Но предупреждения не сдержали их. Люди Белой королевы — юноши, по большей части — не выглядели как воины. Они не были мускулистыми, их глаза были пустыми. Они сначала просто падали — один принял удар грудью. Кровь вырвалась, и он упал. Жители деревни ощутили прилив надежды. Они напали с новой силой, вонзали клинки в тела юношей.
Женщина смеялась, как музыка. И юноши стали шевелиться. Они вытаскивали клинки из животов, грудей или черепов, а жители в ужасе смотрели, как раны закрывались, и юноши поднимались на ноги.
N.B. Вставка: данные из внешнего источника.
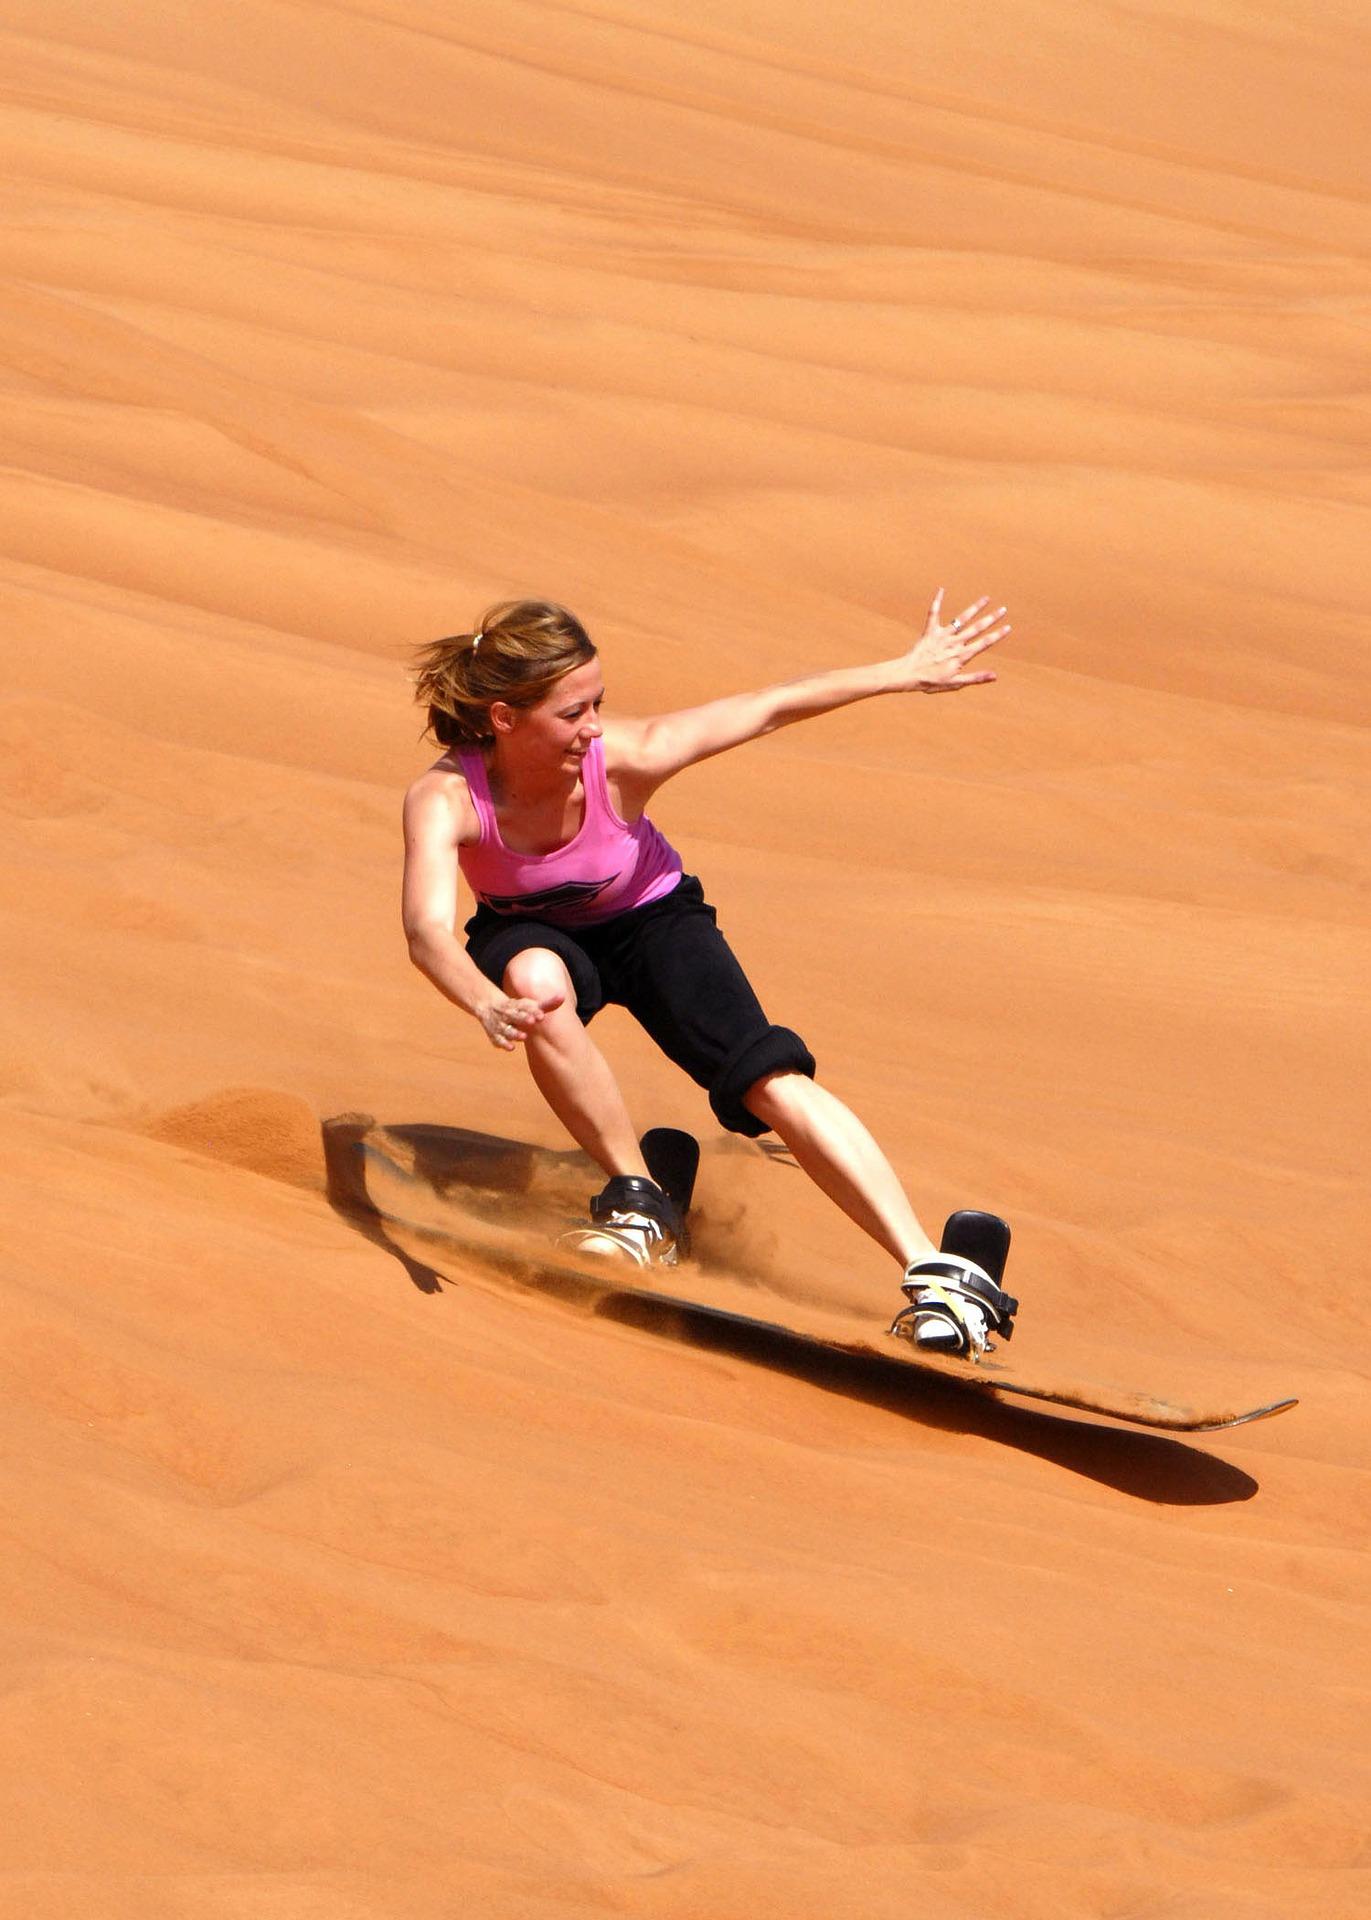 SandboardingSandBoardSandDuneSurf.jpg

Тогда жители побежали. Некоторые смогли сбежать, других разгромили клинки людей Белой королевы, а то и порвали те, кто был не таким умелым с оружием. Люди, которые шли за Белой королевой от Тамриллина и других поселений, теперь были с одной целью в голове: сделать других такими же, как они, или убить их.
И, пока Белая королева смеялась и шла по дорогам, людей с округи тянуло к ней. Некоторые красили губы кровью убитых, у других блестели белые лица, и их легко можно было признать как участников процессии, которая шла, смеясь, по деревням, разбивая окна, ломая двери, забирая кричащих людей из домов.
Выбор был: пойти с ними или быть разорванным ими.
Для многих выбор был очевидным.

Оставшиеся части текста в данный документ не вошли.